Nice looking fish Jason, I can't wait to go back myself! Yep, hit up Smokey Mountain Knife works when we were there, my son and I both picked up Sog Seal Pup knives while we were there, had then on sale for $10 less than you could get them on Amazon. Just down from the Knife store there's Bud's Gun Shop too, that was cool to see in person! 

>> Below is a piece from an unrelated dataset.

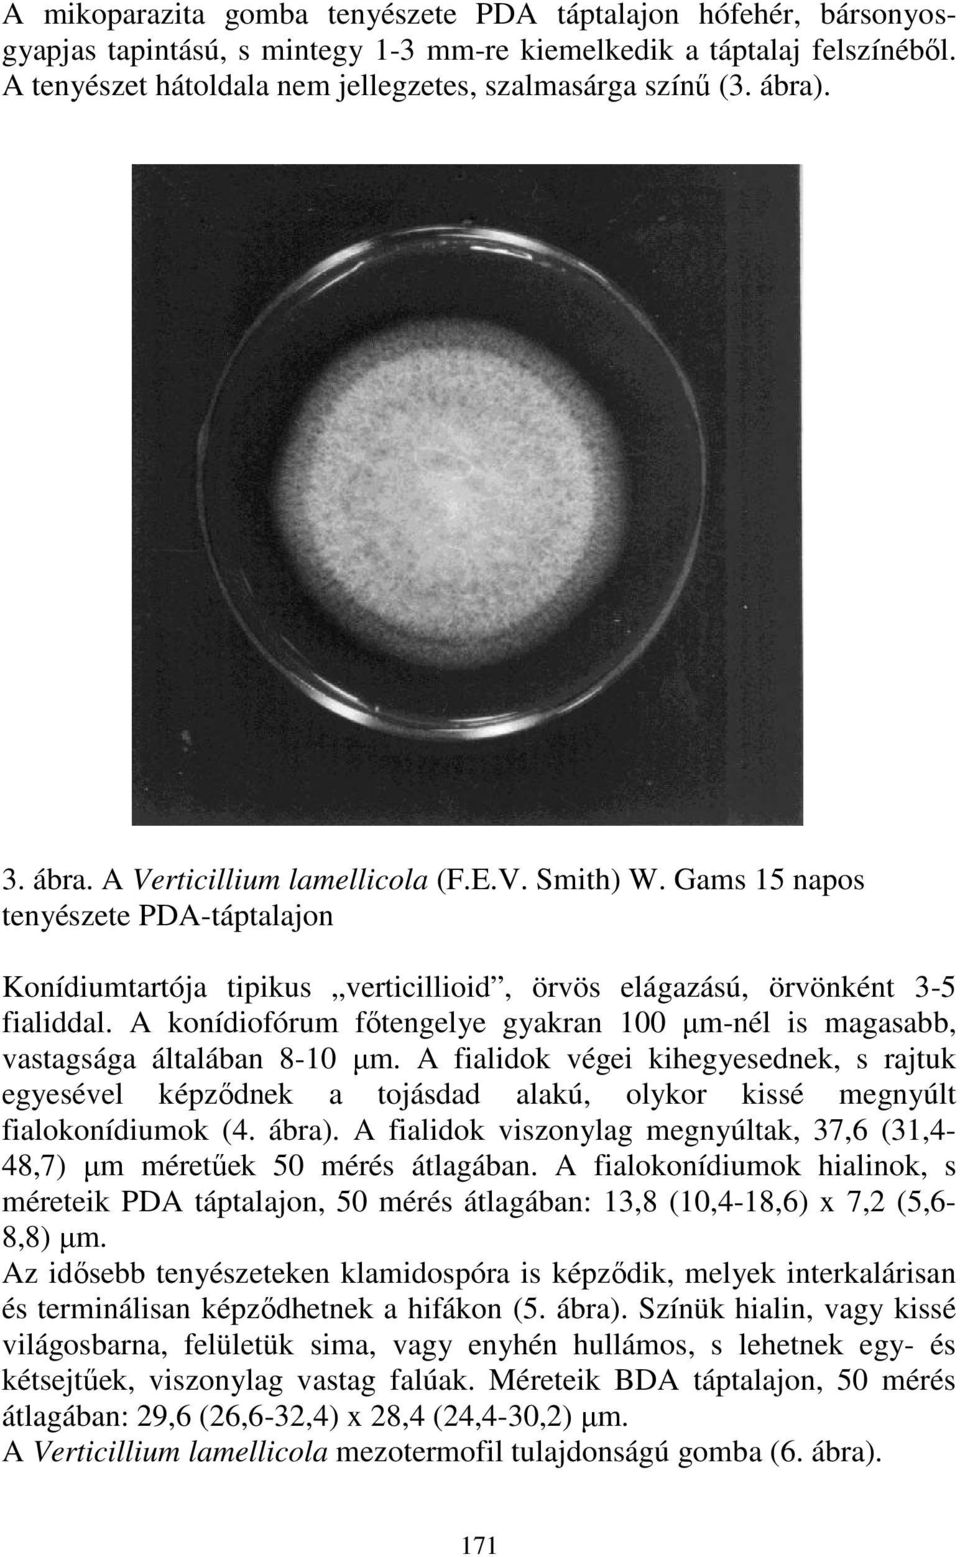 A konídiofórum fıtengelye gyakran 100 µm-nél is magasabb, vastagsága általában 8-10 µm.

Hey Jason, check out the Columbia line of water shoes, they've really come out with some nice ones. Anthony I picked up some Columbia Drainwalker II's on sale and they were awesome for stream fishing!


----------



## ChileRelleno (Jul 7, 2012)

Nice fishing, love me some FW Trout fishing.
Hilarious pic with the rag.


----------



## stc1993 (Nov 23, 2014)

Some pretty fish that one was a good one. The shirt made me laugh.

Thanks for posting.


----------



## Jason (Oct 2, 2007)

Dern Cherokee sucked yesterday!!!!!!!!!!!!!!!!! Only caught 1 nice smallie!!! Out of 6 of us fishing 5 hours and only 1 keeper trout and a couple 4-6 inchers!!! Locals say the tribal nation went from stocking 2xs a week to 1x every other week!!!


----------



## Jason (Oct 2, 2007)

When going to Cherokee yesterday, I saw a dude on the side of the road taking a pic with a flip phone!!! I was wondering what he was taking a picture of and noticed an ELK!!! I was freaked out. I looked fer a fence but there wasn't any...Nice size elk too. I tried to get a shot of all the corn leaves in his mouth but never got any!!! Awesome being within 30-40 yards of this beautiful critter!!!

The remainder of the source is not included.